For those with a botanical bent, Costa Rica is a land of constant discovery. I'm sure there are many species of vascular plants there that have yet to be discovered. But the learning curve to get to where one might be able to find something undescribed is a steep one, and mastering all of the known flora is no small feat. I certainly don't pretend to be anywhere near that point.

But I do enjoy searching, and learning.

Not only are many of the plants interesting in appearance, some have very interesting habits. One might think of the jungle as a botanical New York City. Many want to live there, and there is little room for expansion. So, one must grow up, since there is no room to grow out.

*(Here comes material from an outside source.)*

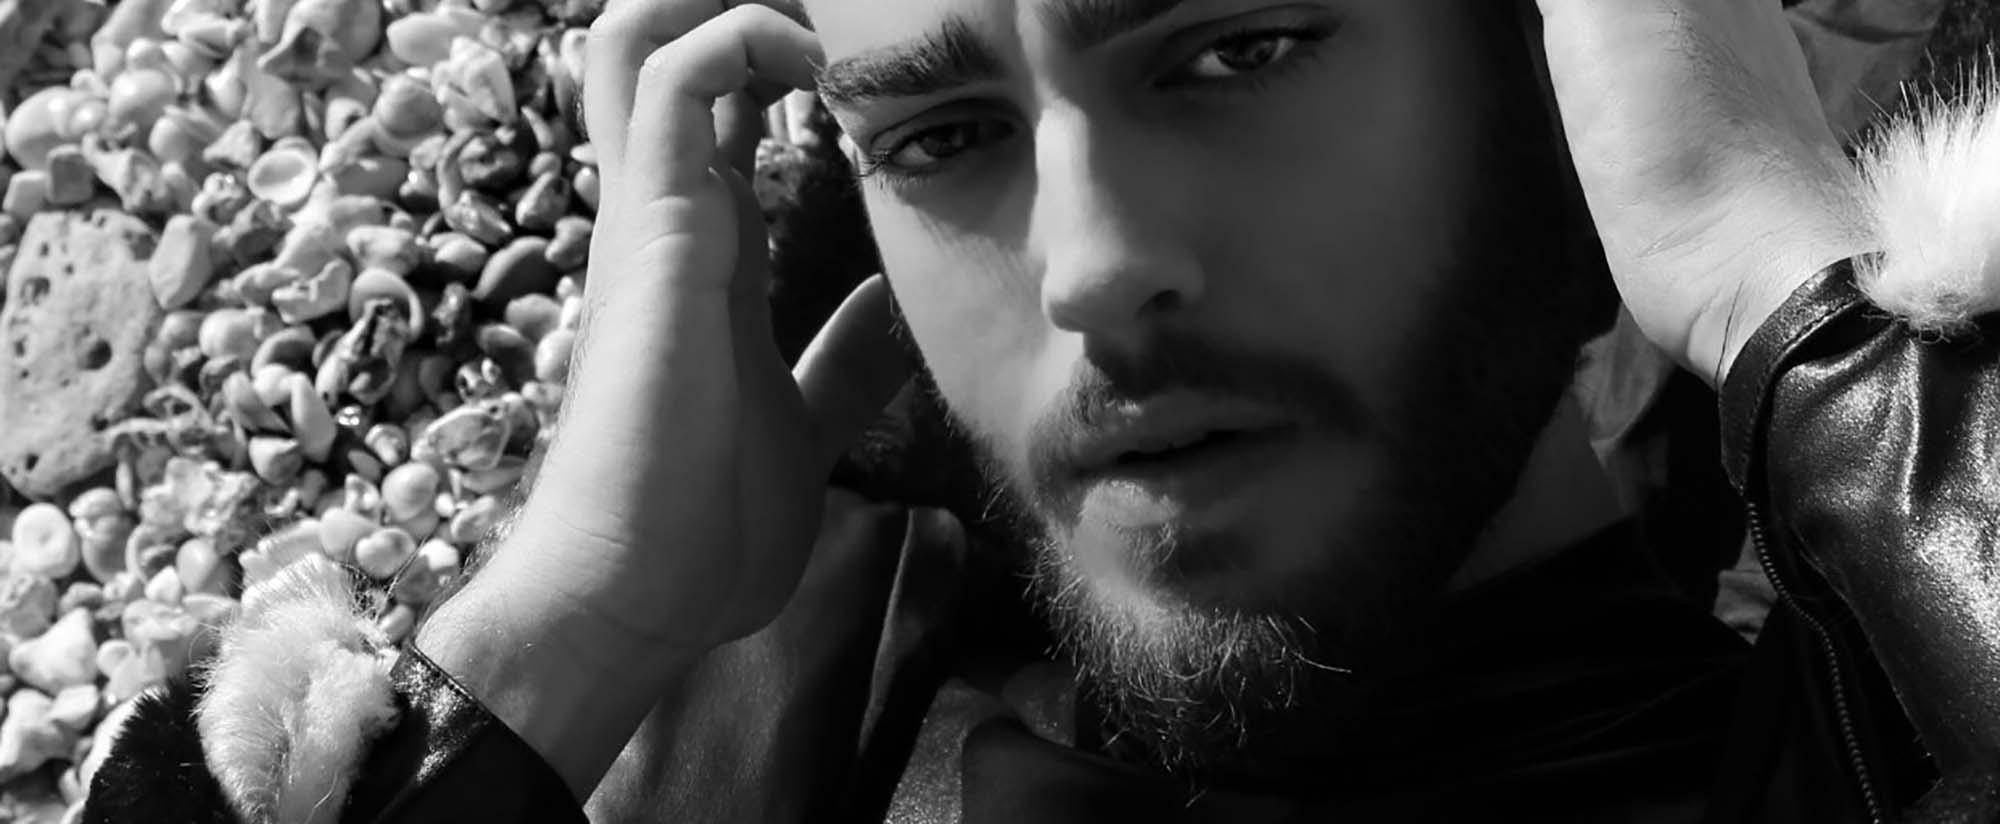 שחר גלר - shar gelle, מגזין אופנה, חדשות אופנה, כתבות אופנה, מגזין אופנה ישראלי - אופנה - 1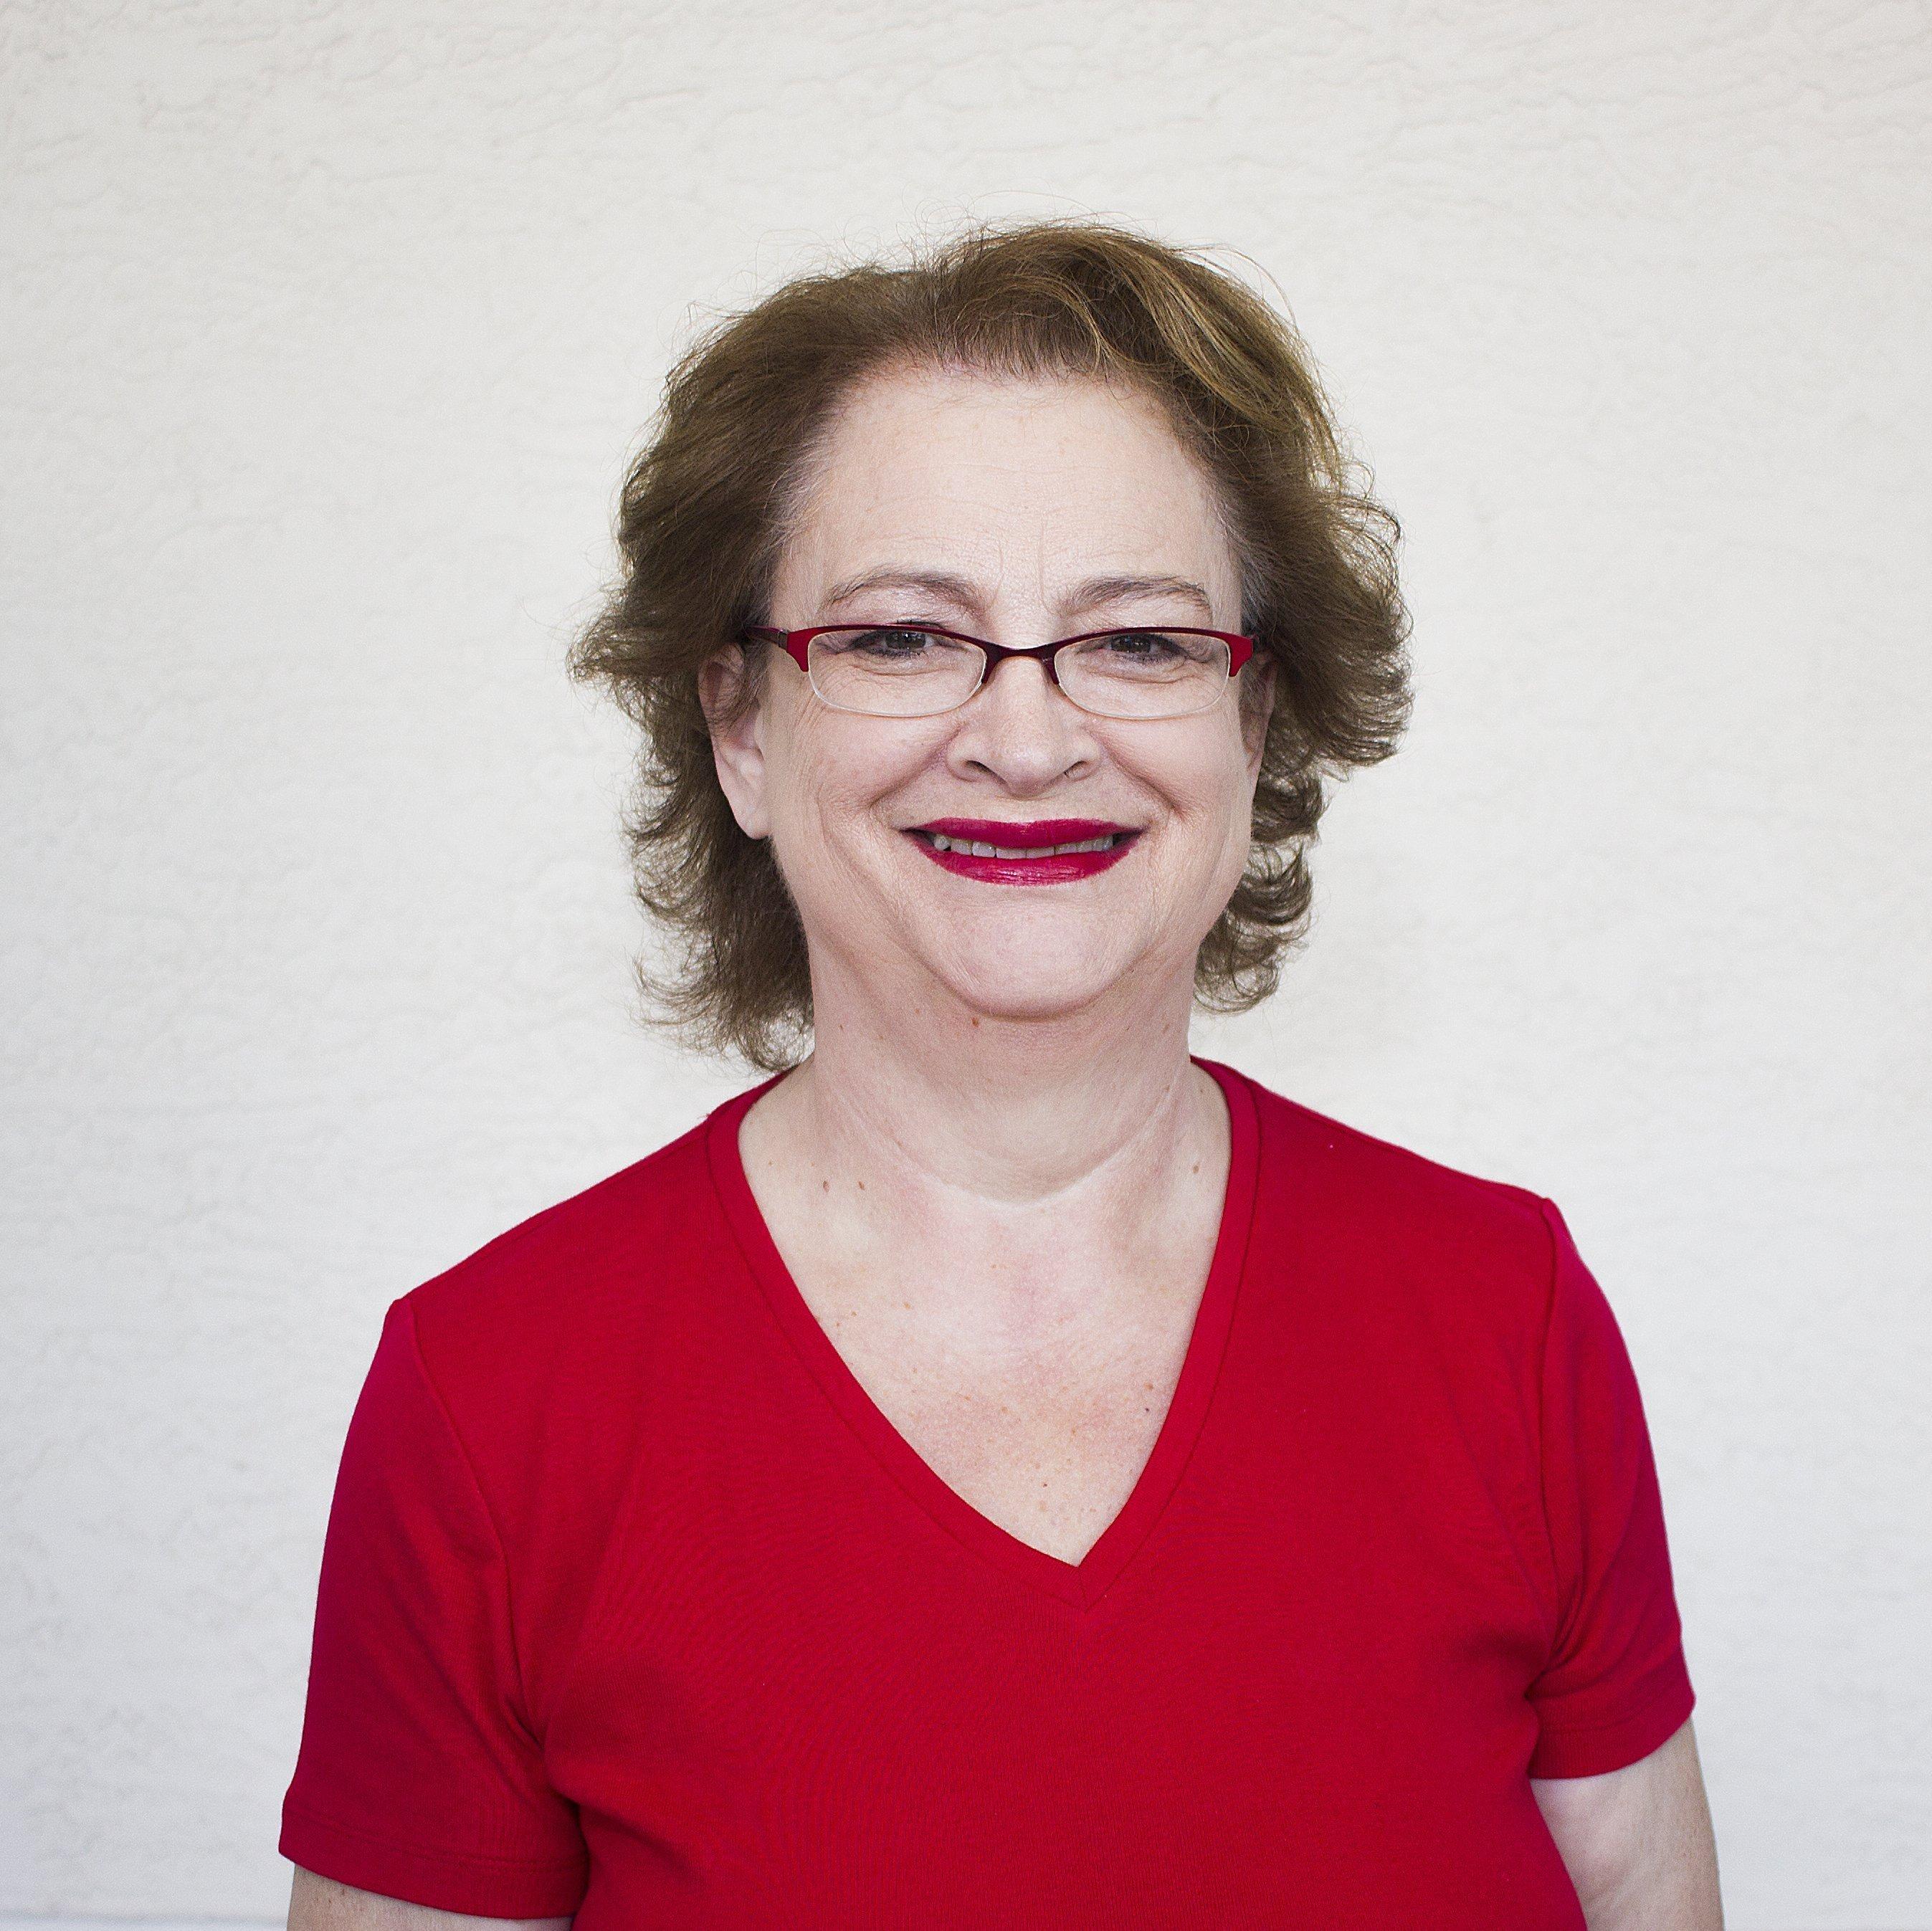 Donna Dearden

The tiers of plant communities - and consequently animals - is altitudinally oriented in the jungle. I want to share one of the more fascinating plants, when it comes to eking - or is it bulldozing? - out a niche.

But first, an orchid. Costa Rica has lots of them. Some 1,200 species, I have read. Some obscure and inconspicuous, some very much in your face. The one below falls in the latter category.

We were driving along one day, beginning to reach the higher elevations of the Caribbean slope, when I looked out the window and WOW! Like I almost always do at such moments, it was STOP! This plant jumped from the grassy slopes like a kangaroo on burning coals. I was ecstatic to see that it was an orchid, and one I'd not seen before. Noel Urena, our guide, knew its name - Spanish Flag, Epidendrum radicans. We were to see many of them in this region, but I never tired of seeing their brilliant crimson-orange blooms.
The common name stems from the colors, which approximate just that - the flag of Spain. Now, that's a fine flag and I've got no quarrel with any Spaniard, but that flag really doesn't hold a candle to the vibrant colors of this plant. It's hard for me to see how anyone could see such a thing, and not have to take at least one moment to admire it up close.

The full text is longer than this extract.